French Interior Minister Christophe Castaner, center, followed by Strasbourg Chief Rabbi Harold Abraham Weill, second right, walk amid vandalized tombs in the Jewish cemetery of Westhoffen, west of the city of Strasbourg, eastern France, December 4, 2019. (Jean-Francois Badias/AP)
French Interior Minister Christophe Castaner, center, followed by Strasbourg Chief Rabbi Harold Abraham Weill, second right, walk amid vandalized tombs in the Jewish cemetery of Westhoffen, west of the city of Strasbourg, eastern France, December 4, 2019. (Jean-Francois Badias/AP)

WESTHOFFEN, France — The French government is creating a national anti-hate crime office following a wave of anti-Semitic incidents in eastern France.

Interior Minister Christophe Castaner made the announcement Wednesday in the town of Westhoffen, where vandals scrawled swastikas and other anti-Semitic inscriptions on 107 tombs in a Jewish cemetery the day before.

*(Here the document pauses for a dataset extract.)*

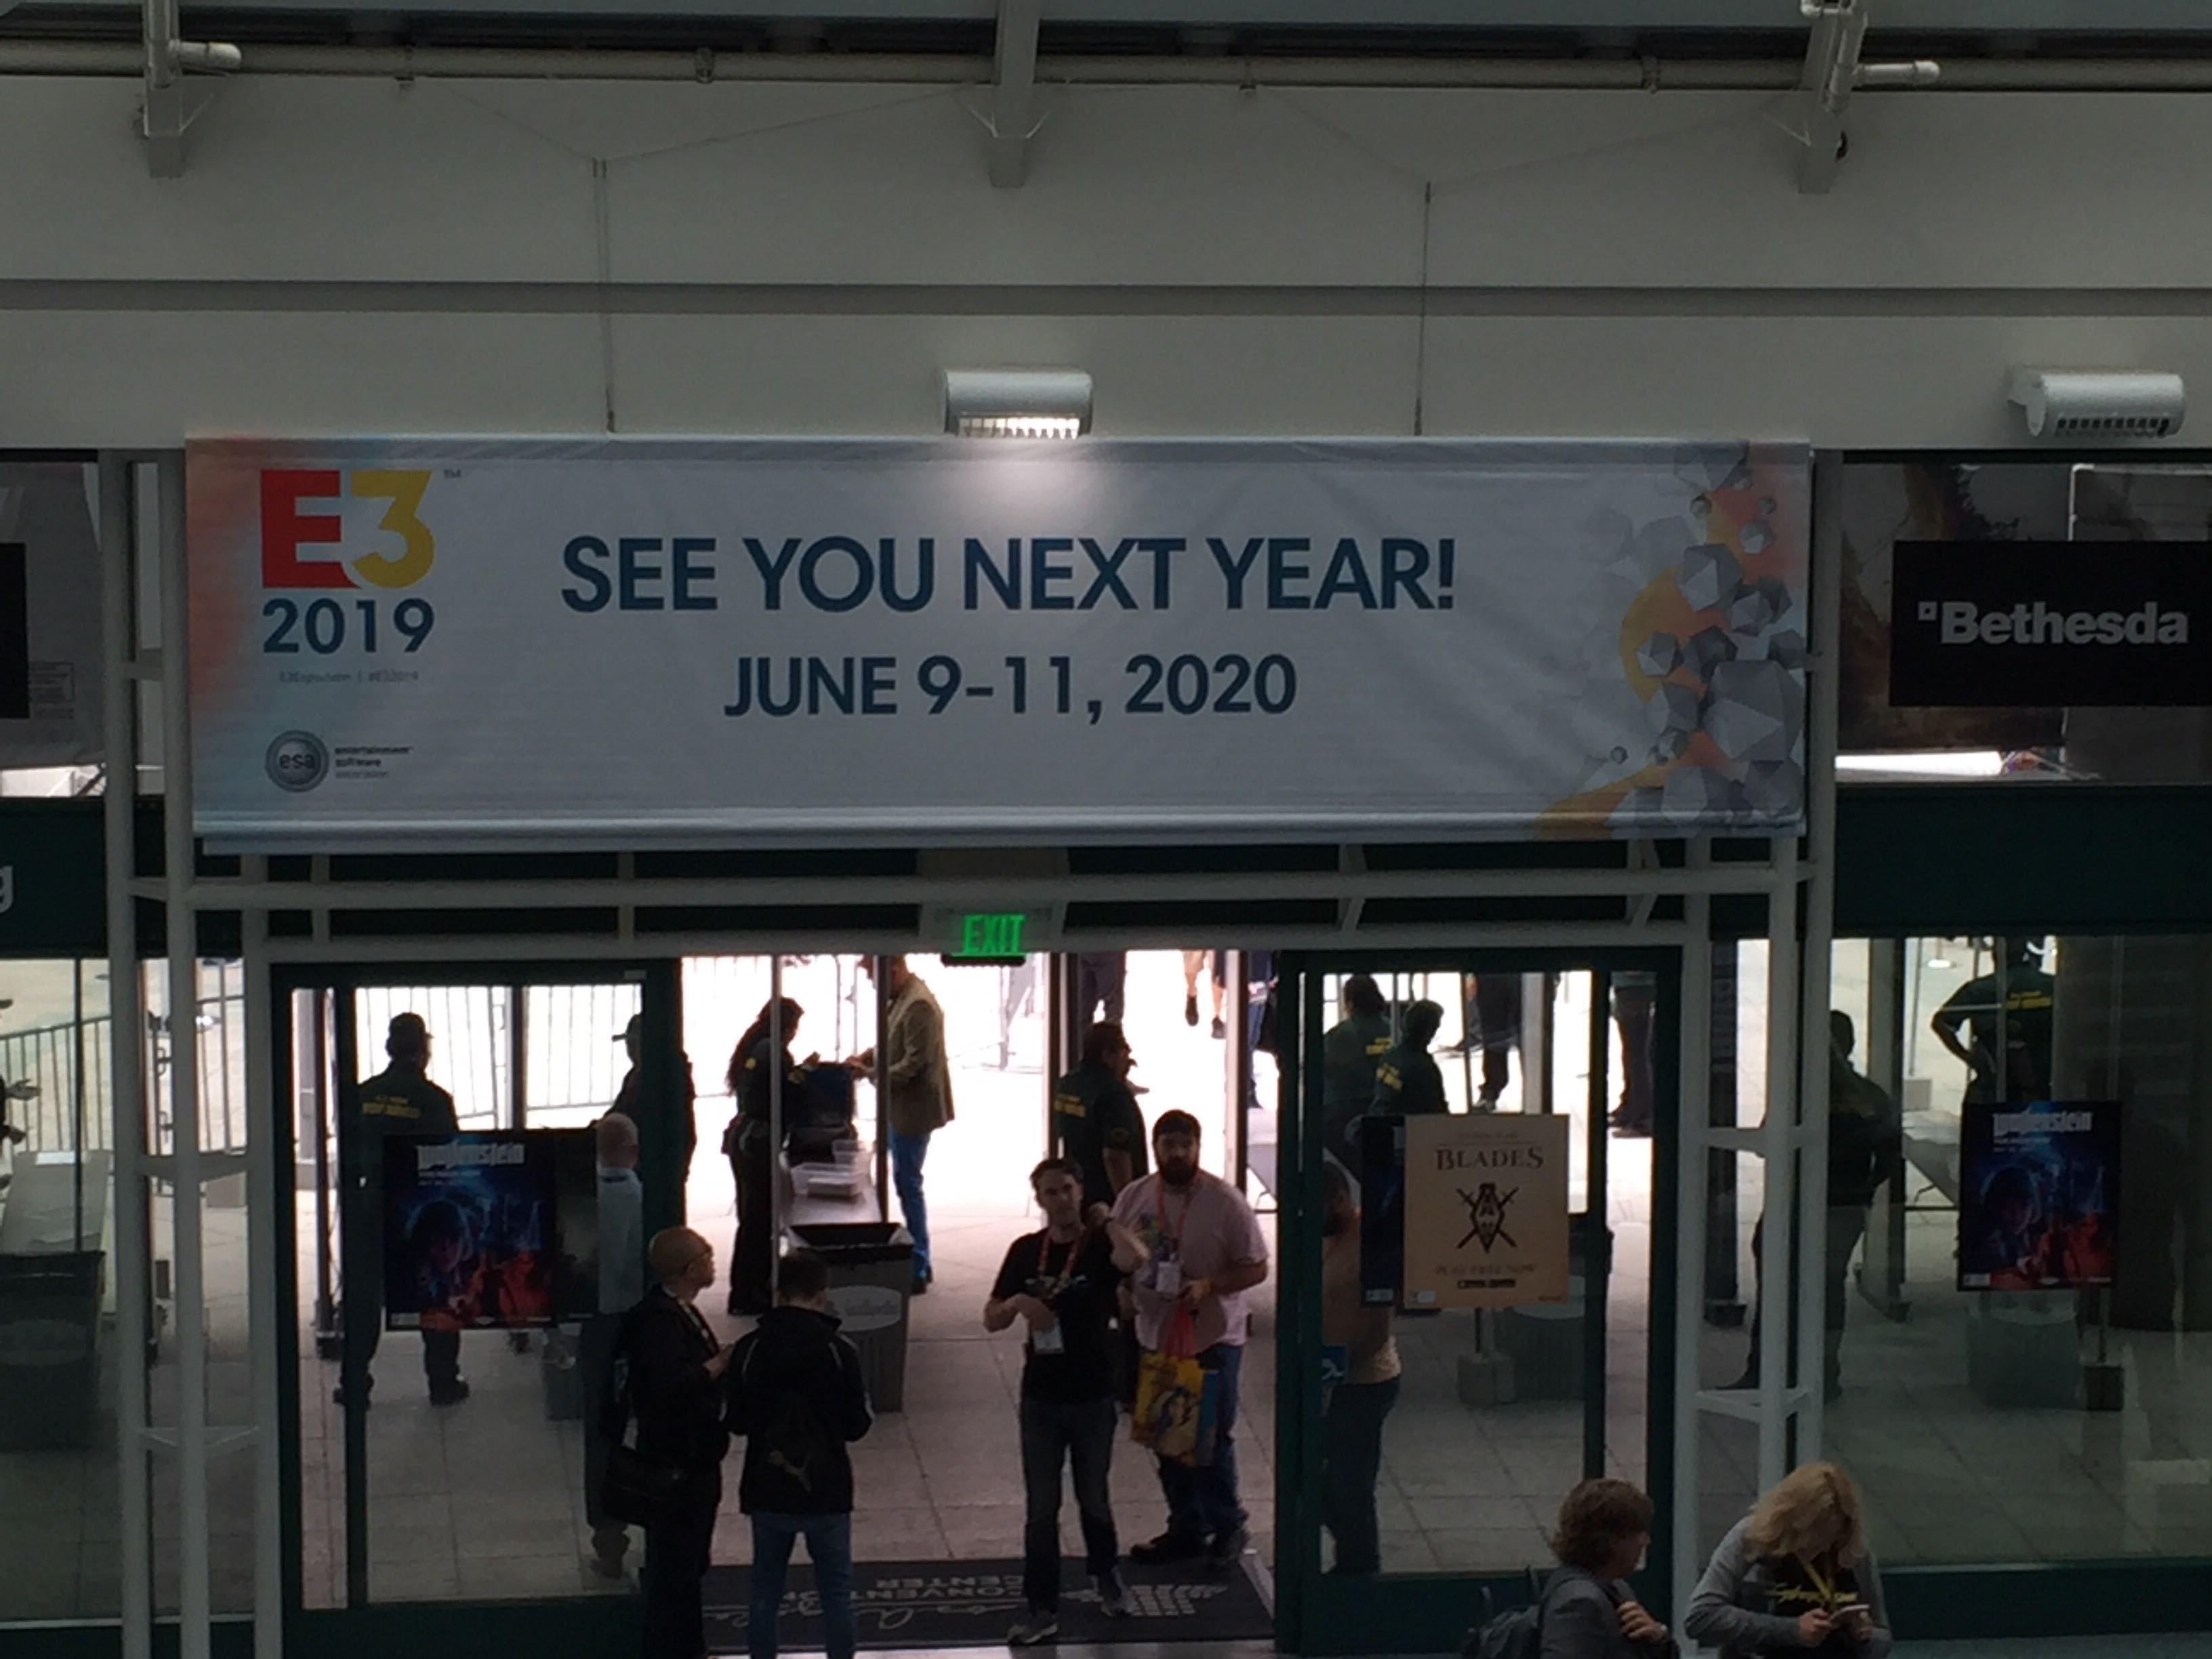 E3 2019 Los Angeles

Speaking alongside Jewish leaders, Castaner condemned the graffiti as a sign that “hate is on our national territory.”

“We must respect the right to believe,” he said.

A special police unit has begun investigating the incident, Castaner said, and the new national office will seek to fight hate crimes.

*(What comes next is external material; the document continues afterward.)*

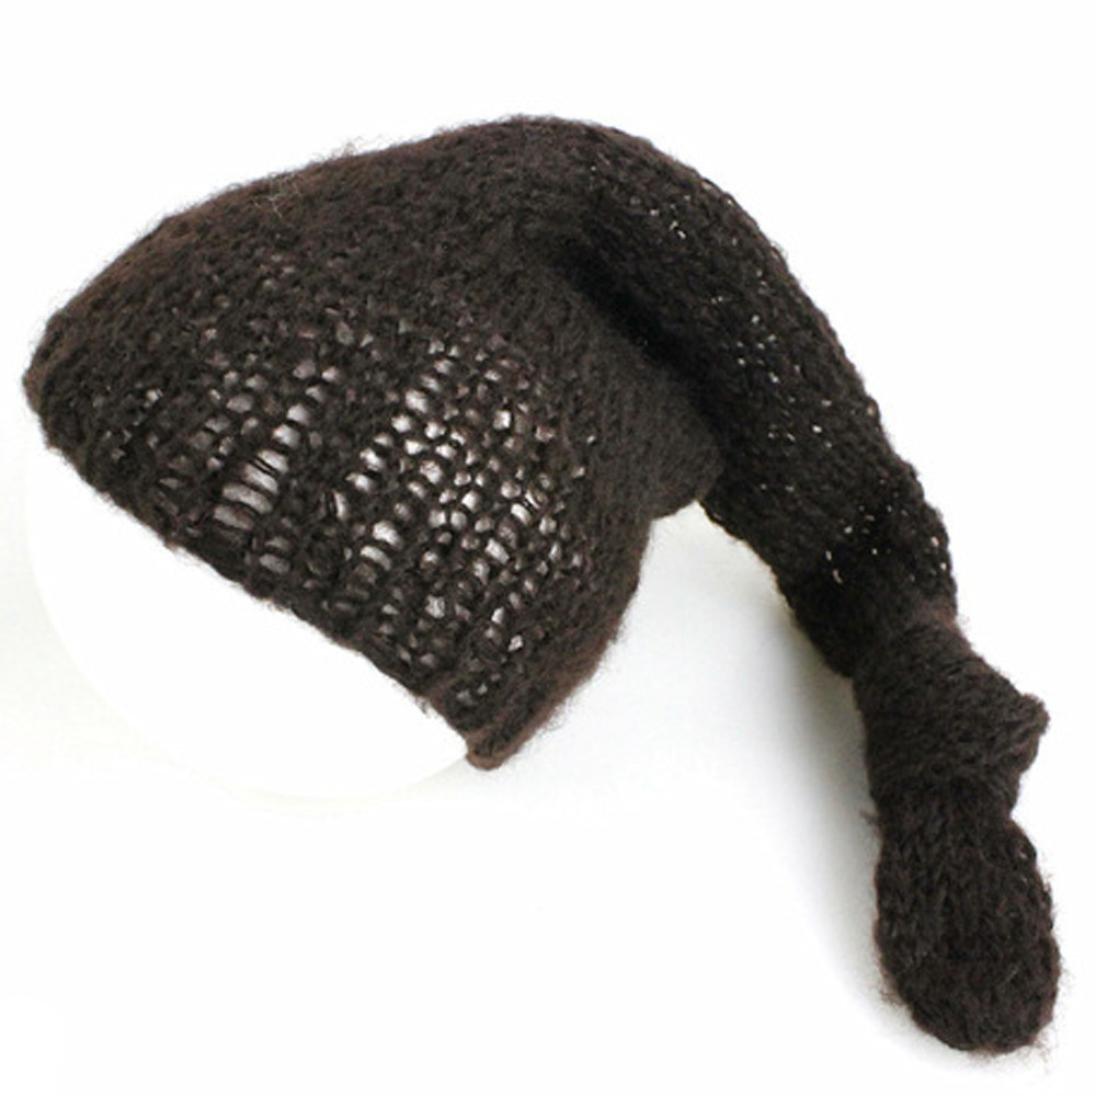 Newborn Photography Hand Knit Posing Props Baby Hats HUHU833 Baby Hats Black

The graffiti marked the latest in a string of anti-Semitic acts in the Bas-Rhin region. Anti-Semitic graffiti was also discovered Tuesday in the eastern French village of Schaffhouse-sur-Zorn, authorities said.

Strasbourg chief Rabbi Harold Abraham Weill looks at vandalized tombs in the Jewish cemetery of Westhoffen, west of the city of Strasbourg, eastern France, December 4, 2019. (Jean-Francois Badias/AP)

French president Emmanuel Macron condemned the vandalism Tuesday, saying Jews were an integral part of France. “Those who attack them, until their graves, are unworthy of our idea of France. Anti-Semitism is a crime and we will fight, in Westhoffen and anywhere else, until our dead can rest in peace,” he tweeted.

A recent surge in anti-Semitic violence and hate speech has prompted soul-searching for many in France, which has long wrestled with its history of discrimination and prejudice against Jews.

The number of anti-Jewish offenses reported to police rose to 541 last year from 311 in 2017, after falling for two years.

Dozens of Jewish cemeteries have been desecrated, swastikas have been found scrawled on the doors of people’s homes, and anti-Semitic motives have been linked to violent attacks, including the murder of a Holocaust survivor.

In October, anti-Semitic graffiti was spray-painted on a Judaica store in the French city of Lyon, reading: “Dirty Jew.”

Around 80 graves were daubed with swastikas at a Jewish cemetery in eastern France, in February local officials said, hours ahead of nationwide marches held at the time against a rise in anti-Semitic attacks.

The lower house of France’s parliament on Tuesday approved a draft resolution that calls hate of Israel a form of anti-Semitism, drawing praise from Jerusalem and Jewish groups. The 577 members of the National Assembly voted on the draft, which also calls on the government to join other European nations in adopting the definition of anti-Semitism of the International Holocaust Remembrance Alliance.

Agencies contributed to this report.